Data on Aspergillus infections in people with COVID-19 are still sparse, but case reports point to worrying trends. One study from Germany found that one-quarter of critically ill COVID-19 patients also had Aspergillus infections. Another study of COVID-19 patients on ventilators found probable Aspergillus in one-third of them.

It’s not uncommon for COVID-19 patients to be infected with other harmful microbes. But Aspergillus may be the deadliest threat among them, says Adilia Warris, a medical mycologist at the University of Exeter. She points to a recent study of 186 COVID-19 patients from around the world who also had Aspergillus. It found that slightly more than 50% of them died, and roughly one-third of those deaths were linked to Aspergillus infections.

Thompson estimates that anywhere between 2% and 10% of severely ill COVID-19 patients at his hospital also have an Aspergillus infection. It’s obviously a minority of patients,” he says. But the complications of a secondary infection are generally pretty substantial.”

Doctors say there are a few reasons why having COVID-19 might be an especially strong risk factor for an Aspergillus infection. One is that while COVID-19 can send parts of the immune system into overdrive, it also depletes certain immune cells, leaving a patient less able to fight off other infections. The extreme damage to cells lining the lung also impairs the organ’s ability to clear out respiratory pathogens like Aspergillus, Thompson says.

The way physicians treat COVID-19 could also heighten the risk of an Aspergillus infection. The steroid dexamethasone, shown to improve survival rates among severely ill COVID-19 patients, calms an overactive immune response that can lead to dangerous inflammation and organ damage. But immunosuppressive steroids are a double-edged sword, Crum-Cianflone says, leaving the door open to other infections. A recent observational study of four COVID-19 patients with likely Aspergillus infections noted that three of them had received higher steroid doses than was recommended—all of them died.

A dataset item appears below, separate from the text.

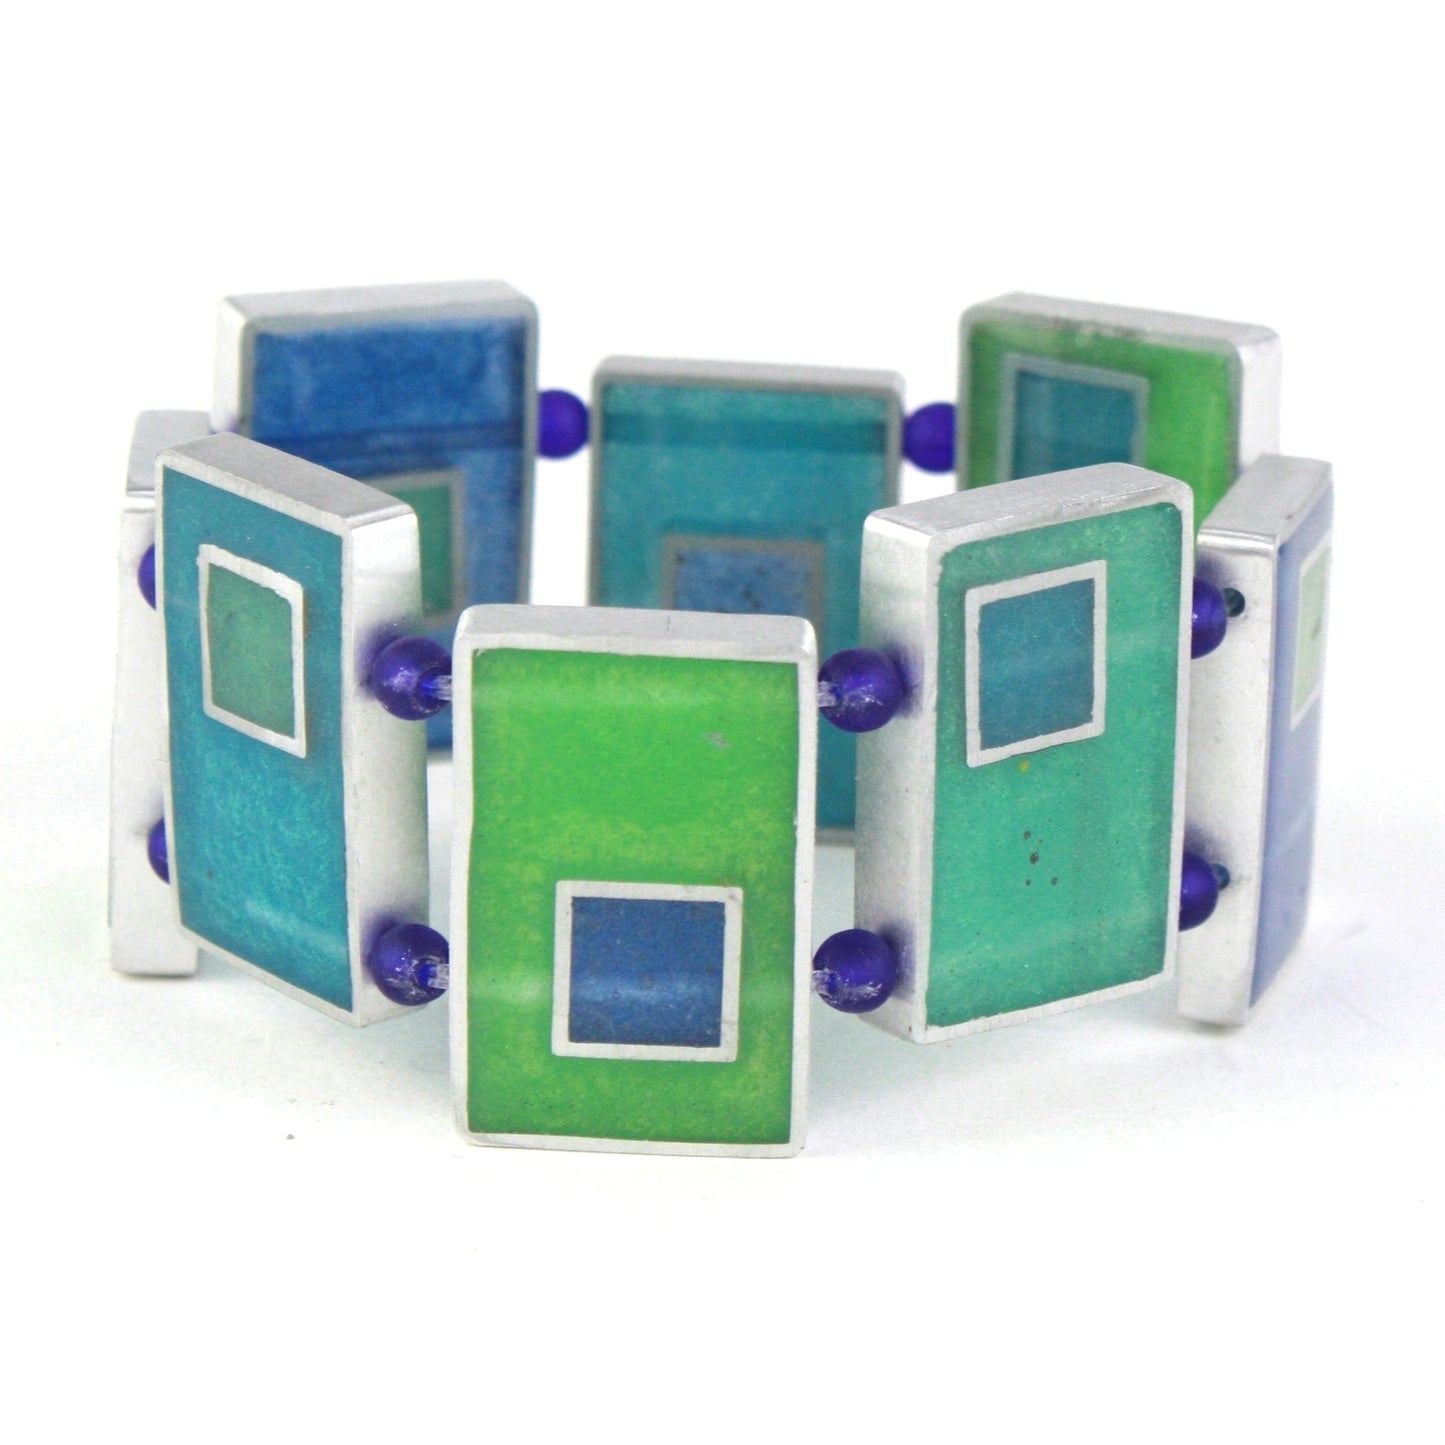 Resinique rectangle bracelet - Blues and greens -wholesale
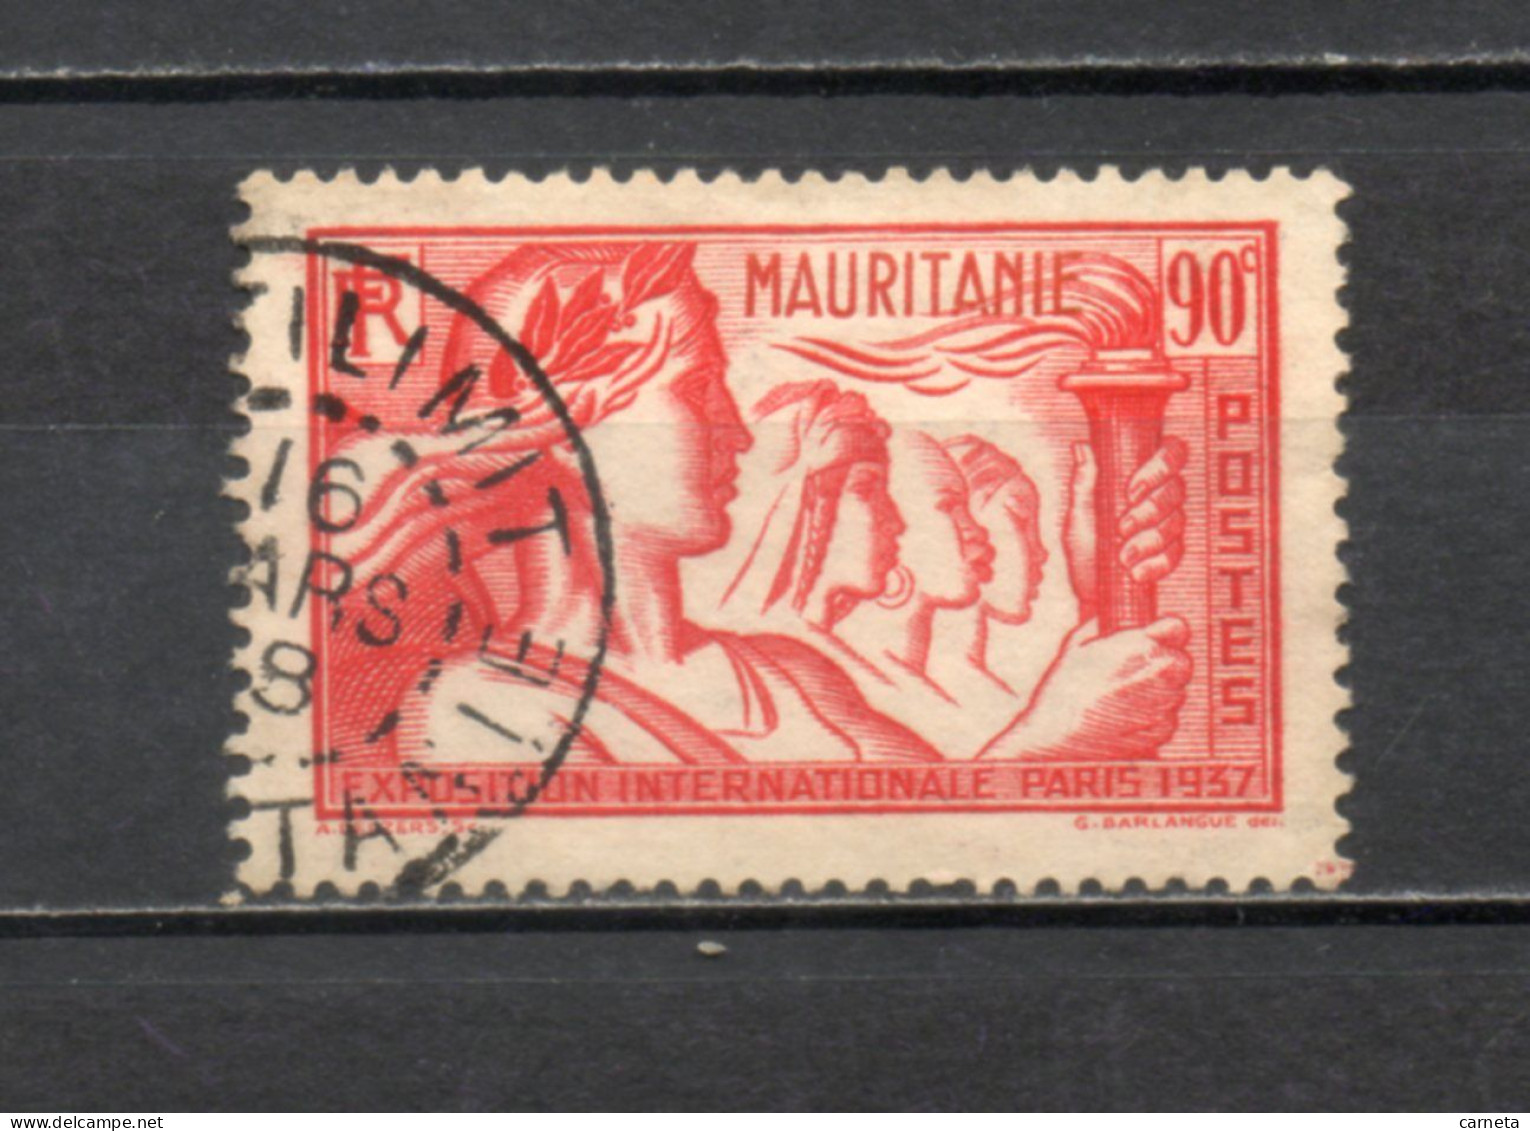 MAURITANIE  N° 70   OBLITERE    COTE 2.00€     EXPOSITION DE PARIS - Used Stamps

If doctors could easily identify Aspergillus infections, available antifungal drugs could fight them. But because the fungus can cause nonspecific symptoms such as coughing and shortness of breath that are already common in COVID-19 patients, doctors don’t always look for it. A bronchoscopy, in which doctors snake a tube from the nose or mouth into the lungs, is the best way of taking lung samples for analysis. But the procedure isn’t typically done on COVID-19 patients for fear of spreading viral particles. And even a positive test may not mean the fungus is doing damage; Aspergillus can also be present in the lungs as a harmless colonizer.

As a preventive measure, Crum-Cianflone has begun giving severely ill COVID-19 patients antifungal drugs after their third week of hospitalization, even if they haven’t tested positive for Aspergillus. But even that strategy has risks. Overusing these compounds could lead to drug-resistant strains of Aspergillus becoming more common, Warris notes.

Recently, in The Lancet, an international group of physicians and medical mycology societies laid out recommendations for diagnosing Aspergillus infections in COVID-19 patients, including doing lung imaging scans and taking samples from the lungs at regular interval for testing. The hope is that the guidelines will help COVID-19 doctors know whether they’re battling one deadly pathogen, or two.